We are frequently retained to combat insurance fraud on behalf of insurers in three separate contexts. First, on behalf of insurers, we conduct the examination under oath of their own insureds, shortly after a claim is made. Second, we defend insurers in cases where an insurer or third party has instigated civil proceedings, and where the insurer alleges that the claim is either wholly or partly fraudulent. Third, we subrogate against service providers on behalf of insureds and insurers, where an insurer has paid out on a loss based on a fraud.
Examinations Under Oath
Examinations under oath are sought by insurers most often in personal injury and property claims. In personal injury claims, vigilant insurers request examinations under oath of their insureds where the information they receive in the accident benefit process from their insured and from third parties is not independently verifiable, and where an insured fails to provide adequate information to support his or her request for benefits. The authority for examinations under oath in the personal injury context is found in the Insurance Act.
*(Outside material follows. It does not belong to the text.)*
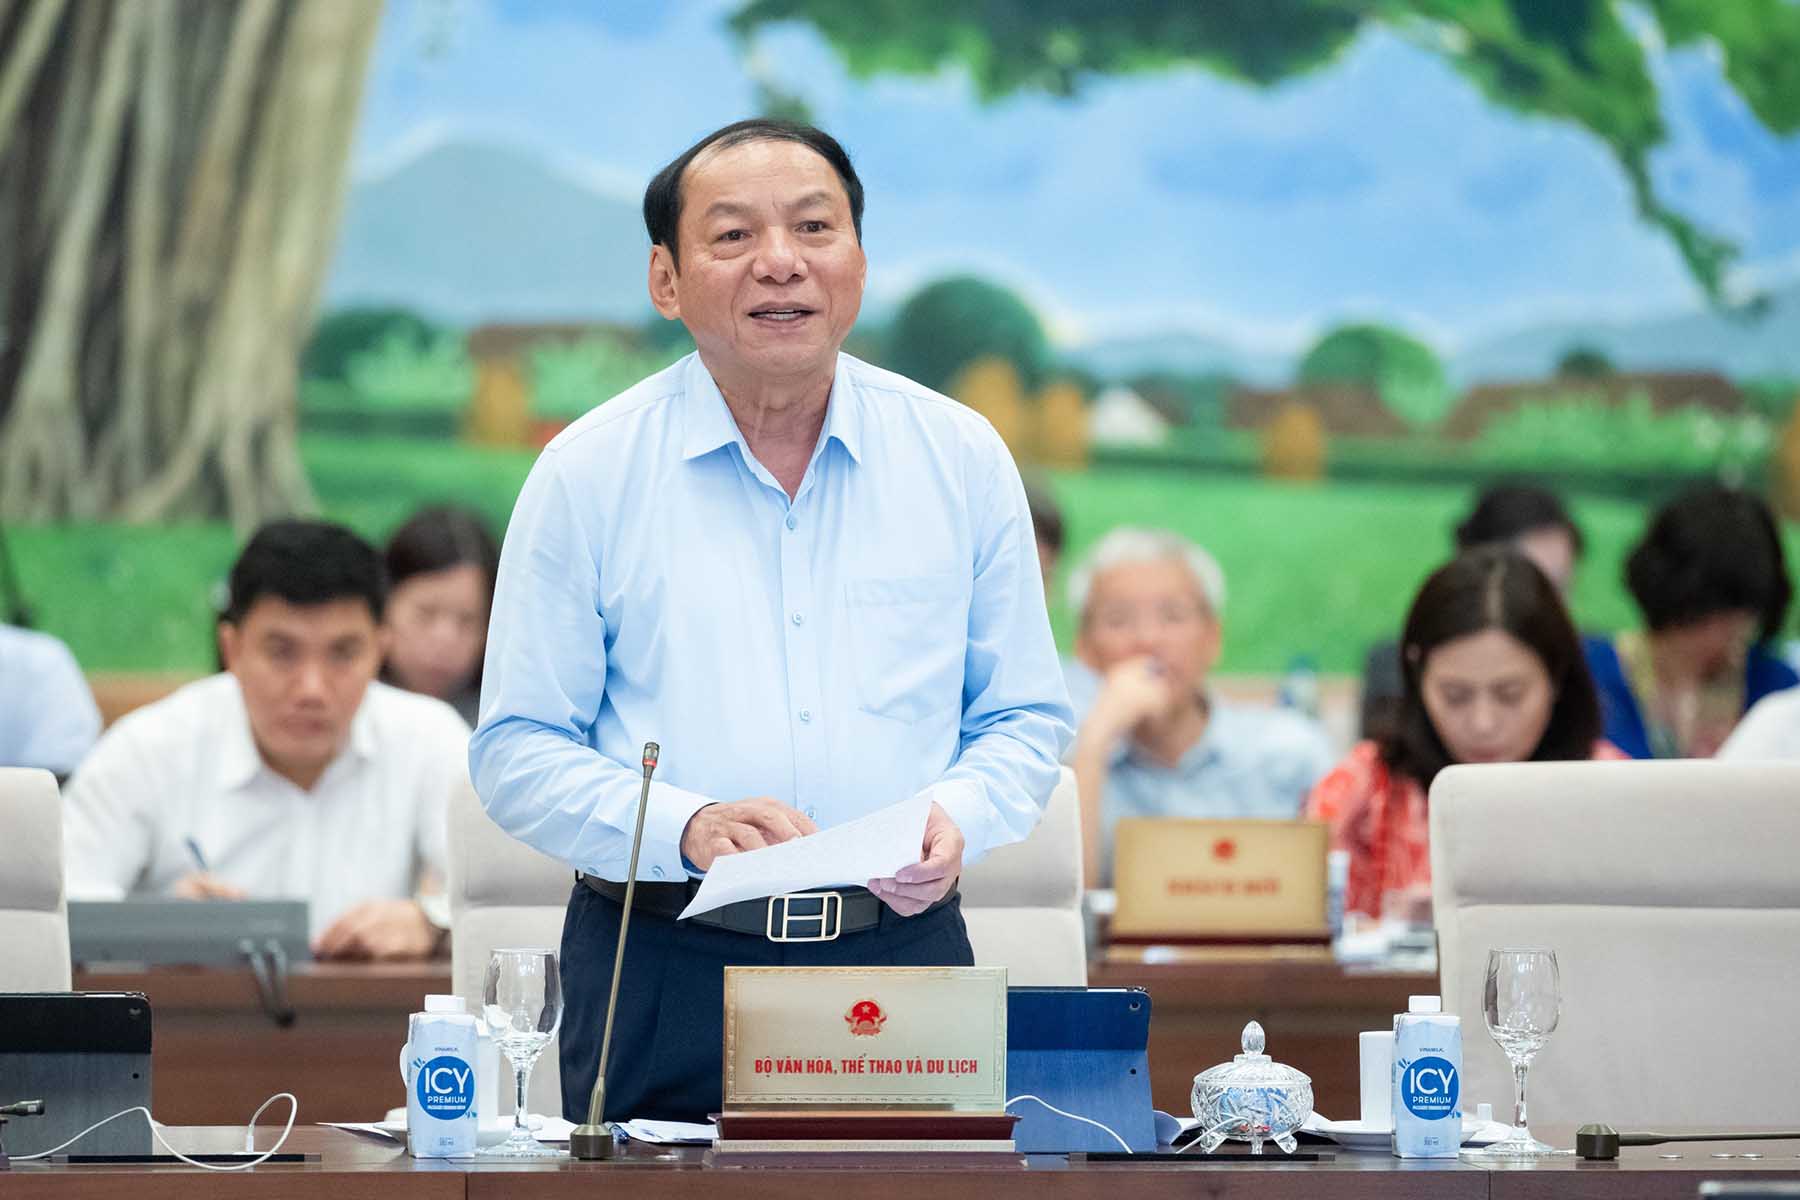 Bộ trưởng Nguyễn Văn Hùng báo cáo tại phiên họp. Ảnh: Phạm Thắng

In the property context, vigilant insurers request examinations under oath when the circumstances of a claim appear suspicious and where the insured or third parties fail to provide proper information and documentation to support an insured’s claims. The authority for examinations under oath in the property context is found in the insurance contract itself.
Often, the examination under oath process reveals an innocent insured who simply fails to understand his or her obligation to provide the insurer with sufficient information. In other cases, the examination under oath process uncovers exaggerated or even outright fraudulent claims. Either way, the examination under oath process is often a good investment for insurers.
Defence of Fraudulent Claims
From time to time, insurers refuse to provide coverage for personal injury and property claims based on their own investigations, examinations under oath results, and based on the claims review process. When this happens, an insured may bring an action seeking judgment against their own insurer for their loss. Often, such claims include an allegation of bad faith against an insurer, and a plea for punitive damages. In response to such claims, an insurer may claim a variety of defences, including alleging fraud by virtue of the insured being responsible for their own loss.
Subrogation and Recovery Claims
At Investigation Counsel, we have successfully alleged fraud against third parties and have obtained recovery for insurers. For example, an auto body company issued a claim against an insurer and their insured for failing to pay its invoices relating to the repairs of an insured’s vehicle. The insurer paid its insured for the loss, but then sued the auto body company alleging fraud, including particulars that the auto body company had caused additional damage to the insured’s vehicle while it was in their possession. On the eve of trial, the auto body company paid the claim, including punitive damages. The costs for litigating the matter were ordered to be assessed against the auto body company.